Он равнодушно повел плечом:
– Я никогда не думаю назад, только вперед. Но если вам это почему-то нужно... Хотя, боюсь, получится у меня несуразно и не на вопрос.
– Говорите.
– Видите ли, когда-то, до жизнетрясения, так сказать, довелось мне познакомиться с неким провинциальным присяжным поверенным: помятый воротничок, жена, дети, засмальцованный фрак,- но поверх расползающегося портфеля - ввинченная металлическими винтами гладкая сцепка посеребренных букв: "Глаголом жги сердца людей". Вот. Если вам не ясно, то я постараюсь...
– Ясно.
– Конечно,- продолжал спутник, быстря слова,- конечно, присяжный поверенный давно рассосался, с ним и все прилежащее, но вот портфель его с "Глаголом жги" на винтиках уцелел. По крайней мере, мне кажется, что раз или два я с ним встречался. Правда, окончательно опознать не удалось: поверх оба раза - груды бумаги, папок, но было что-то в выражении расползающихся углов... одним словом, сразу ударило: он.
– Странный вы человек,- не мог я не улыбнуться,- но досказывайте. Где же происходили эти ваши таинственные встречи со старым портфелем?
– Последний раз, представьте, совсем недавно. В кабинете одного из видных редакторов. Рядом с красным карандашом и блокнотом. Да-да. Чему вы смеетесь?
Но через секунду он и сам хохотал, по-детски кривя рот и дергая бровями. Хмурые прохожие обходили нас стороной. Я огляделся: какой-то полузнакомый перекресток; внимательные каменные слухи церковной колоколенки; блеклая трава, протискивающаяся меж булыжин; где-то в стороне, за низкими шеренгами домов, под надвинутой сурдиной - гудящие струны города.

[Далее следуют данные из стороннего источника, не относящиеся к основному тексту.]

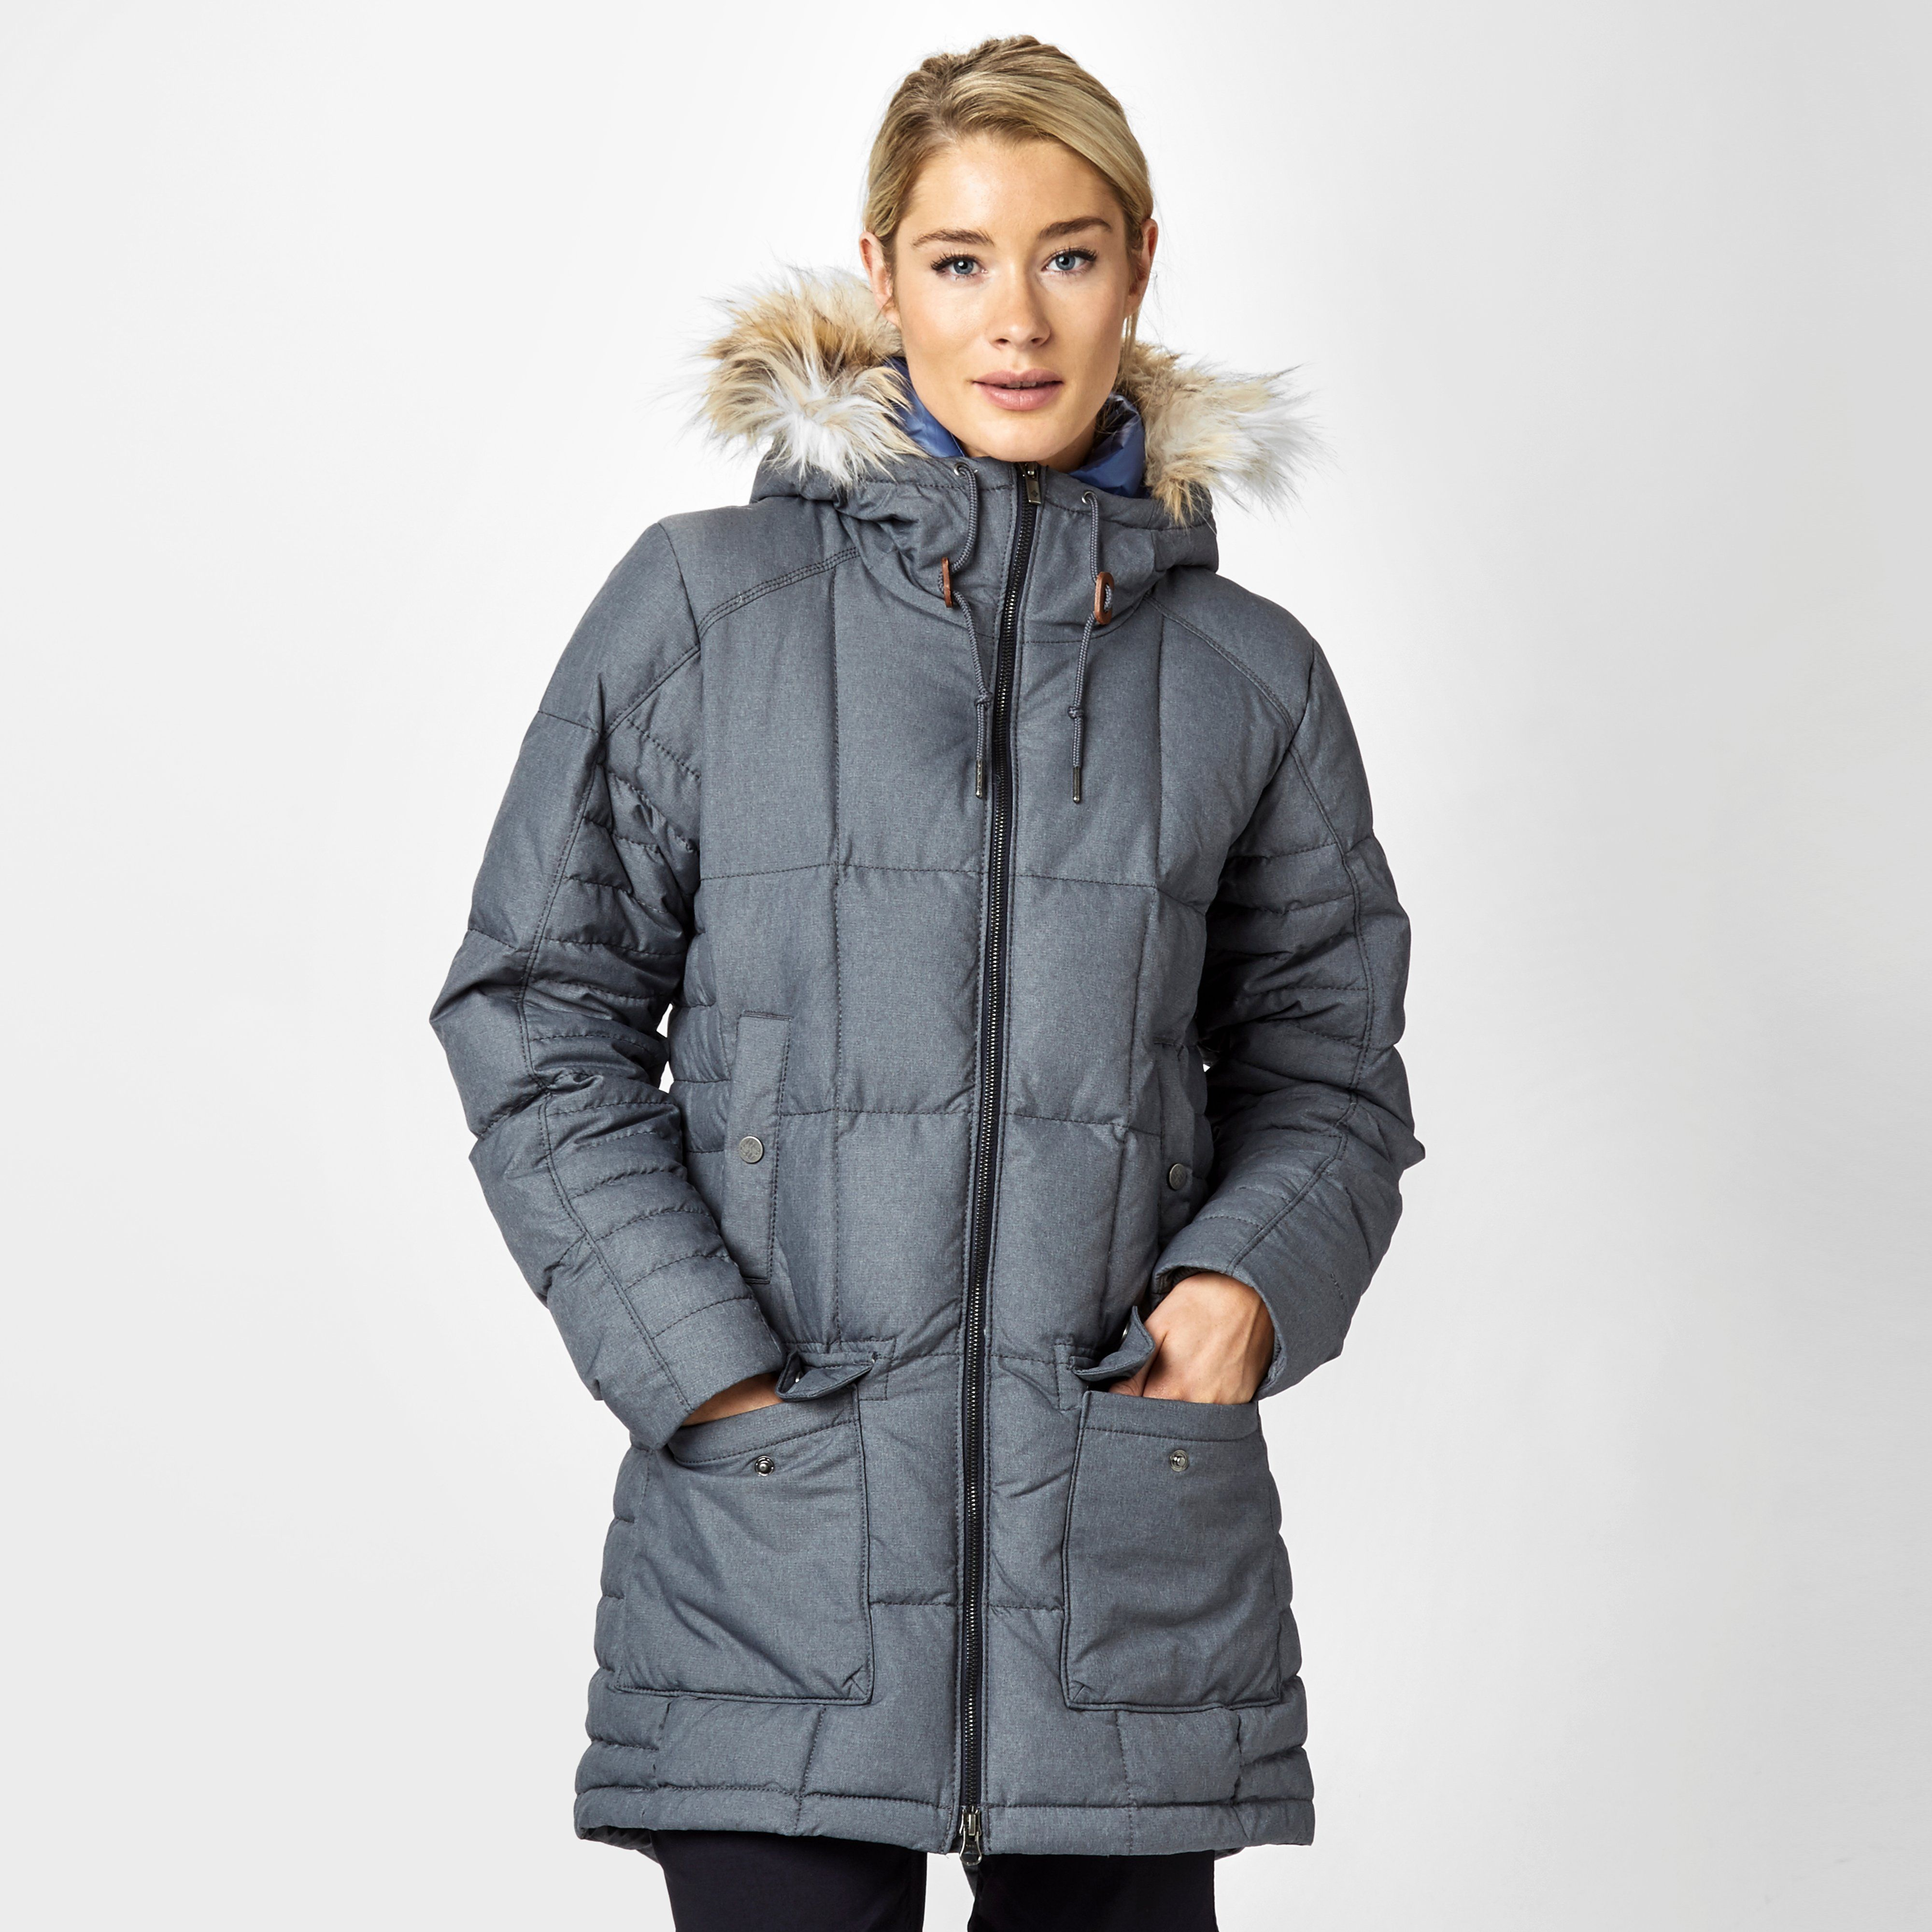 COLUMBIA Women's Della Fall™ Parka Jacket

Мы не сговаривались. Беседа сама вела нас в тишину и безлюдье окраин.
Первым к словам вернулся я:
– Значит, вы бывали там, возле блокнотов. И ваши темы тоже?
– Да.
– Результат?
– Возвры.
– То есть?
– Так... В углышках всех моих рукописей они проставили: № и "Возвр.". Целая коллекция "Возвр.".
– Вы говорите так, как если б нарочно собирали их...
– Видите ли, вначале, конечно, нет. Потом почти что так. Меня стало интересовать не "Примут или не примут?" - а то, как не примут. Эти люди, овладевшие портфелем бедного провинциального ходатая, с их манерой говорить, назначать и переназначать срок, аргументировать, помечать карандашом на полях, снисходительно миросозерцать, кланяться телефонной трубке и щуриться на просителя, поправляя пенсне, которое у них,- ей-богу, правда,- не меняя стекол, то близоручит, то дальнозорчит, в соответствии с величиной имени или степенью безымянности собеседника,- эти люди постепенно превратились для меня в тему. После этого, вы понимаете, встречи с ними получили для меня чисто практический смысл. Ведь пока я не уясню себе темы до конца, не познаю ее стимула, не изучу, сколько могу и умею, я не успокаиваюсь. Никогда. Да, редакторам придется еще иметь дело, по долгу службы, с моими рукописями, а заодно и глазами: пока я не запрячу их себе под ресницы.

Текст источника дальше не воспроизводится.